The problem, I feel qualified to say as somebody with training on both sides of the fence and quite a bit of experience teaching both technical and non-technical subject matter, is this: learning the skills and principles behind good data science does not come easily to everybody and in any case takes a lot of hard work and time. These skills and principles pertain to many deep practices and literatures that are developed self-consciously in a cumulative way. Any one sub-field within the many technical disciplines that comprise “data science” could take years to master, and to do so is probably impossible without adequate prior mathematical training that many people don’t receive, perhaps because they lack the opportunity or don’t care.

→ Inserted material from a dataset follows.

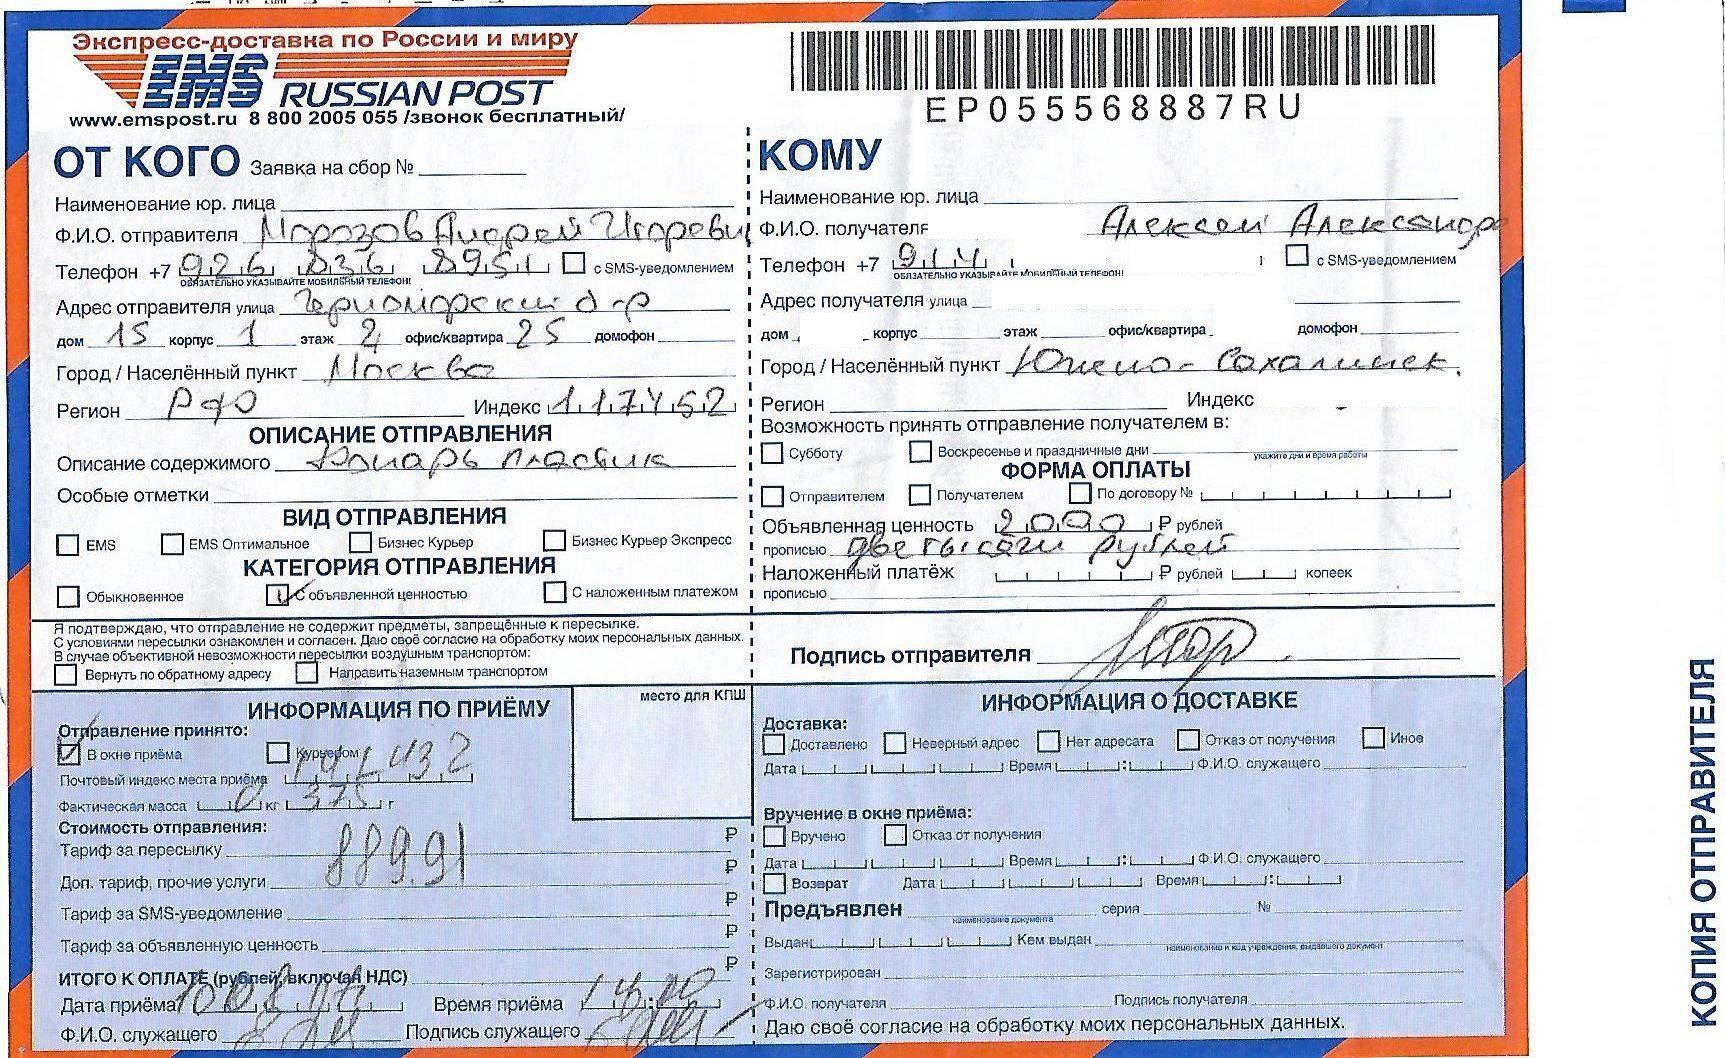 Проверка статуса посылки ems

In fewer words: there is a steep learning curve, and the earlier people start to climb it, the easier it is for them to practice data science.
My point is that this is bad news for the participant observer. Something I sometimes hear ethnographers in the data science space say of people is “I just can’t talk to that person; they think so differently from me.” Often the person in question is, to my mind, exactly the sort of person I would peg as an exemplary data scientist.

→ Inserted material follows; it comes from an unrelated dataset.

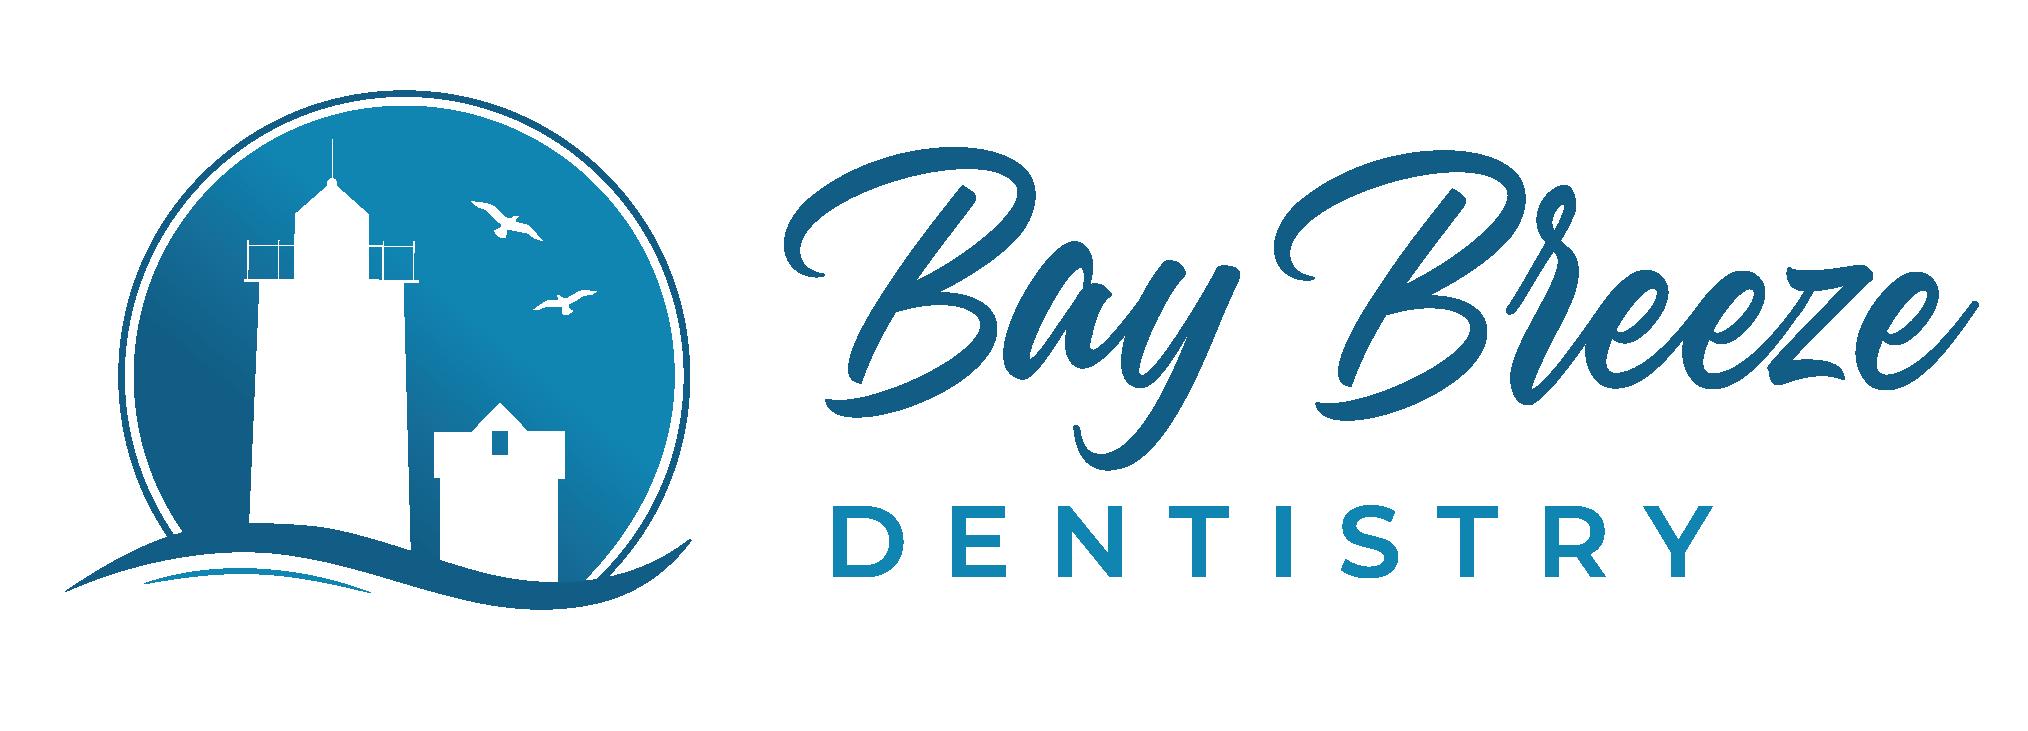 Bay Breeze Dentistry Mobile Logo

Often these are people with a depth of technical understanding that I don’t have and aspire to have. I recognize that they have made the difficult choice to study more of the foundations of what I believe to be an important field, despite the fact that this is (as evinced by the reaction of ‘softer’ social sciences) alienating to a lot of people. These are the people whom I can consult on methodological questions that are integral to my work as a data scientist. It is part of data science practice to discuss epistemic norms seriously with others in order to make sure that the integrity of the science is upheld. Knowledge about statistical norms and principles is taught in classes and reading groups and practiced in, for example, computational manipulation of data. But this knowledge is also expanded and maintained through informal, often passionate and even aggressive, conversations with colleagues.
I don’t know where this leaves the project of ethnography of data science. One possibility is that it can abandon participant observation as a method because participant observation is too difficult. That would be a shame but might simply be necessary.
Another strategy, which I think is potentially more interesting, is to ask seriously: why is this so difficult? What is difficult about data science? For whom is it most difficult? Do experts experience the same difficulties, or different ones? And so on.